Abstract

Pancreatic cancer is a devastating disease with a fatal prognosis due to late diagnosis. Current imaging studies are inadequate for early detection and CA 19-9, the best tumor marker thus far, has low sensitivity in small pancreatic cancer, so the use of new markers is our most promising approach. Activation of the proto-oncogene K-ras and inactivation of the tumor suppressor genes p53, p16 and SMAD4 are characteristics for pancreatic cancer. K-ras mutation can be detected from pancreatic juice in 55~79% of patients with pancreatic cancer but can occur in the setting of chronic pancreatitis up to 32%. Telomerase activity in pancreatic juice can be used to distinguish between cancer and pancreatitis. The progression model of pancreatic cancer proposes that pancreatic intraepithelial neoplasia is the pre-cancerous lesion and this model is important for developing screening tools to detect early curable cancer.
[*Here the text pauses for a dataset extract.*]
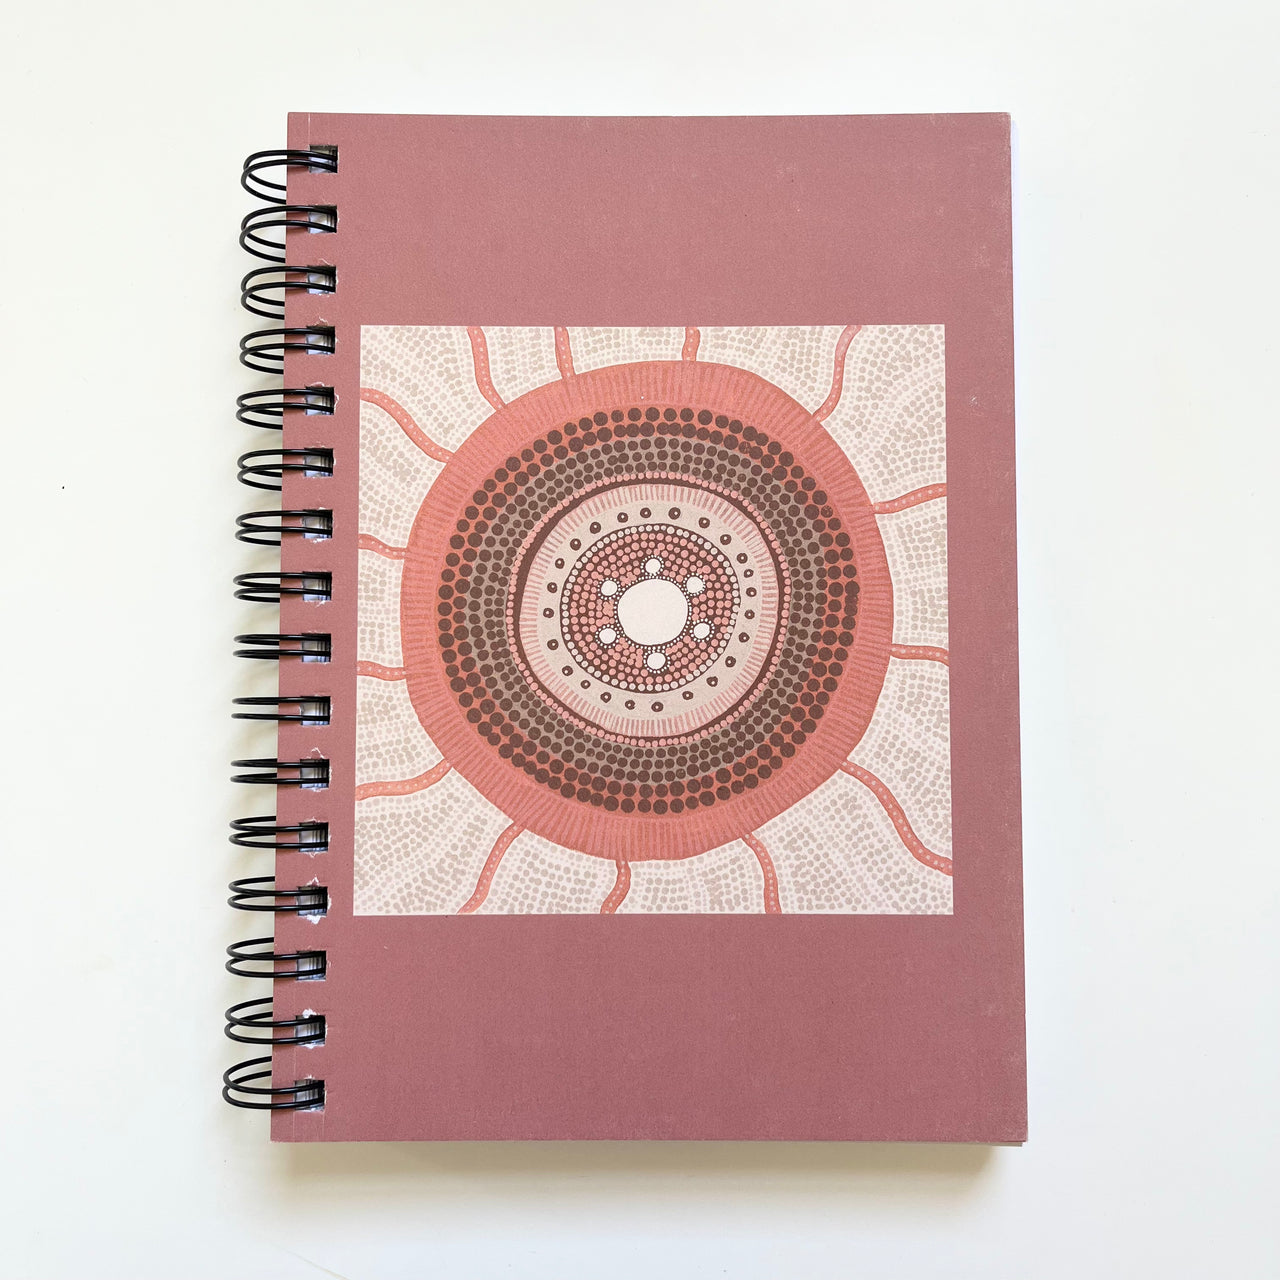 Notebook - Star Guide by Emma Stenhouse. Australian Art Prints and Homewares. Green Door Decor. www.greendoordecor.com.au

Pancreatic cancer harbors aberrant methylation of many cancer-related genes and detection of DNA hypermethylation by methylation specific PCR is attractive new candidate suitable for early detection. Recent large- scale gene expression studies can be done using cDNA and oligonucleotide microarrays and serial analysis of gene expression. Hundreds of overexpressed genes were already identified in pancreatic cancer. Large-scale analysis of proteins in biologic samples is possible by proteomics which has been applied to discovery proteins that could be used as potential markers. It is hoped that the understanding of genetic alterations and development of high throughput technologies will lead to the rapid discovery of biomarkers that will save lives by enabling aggressive therapy at the early stage.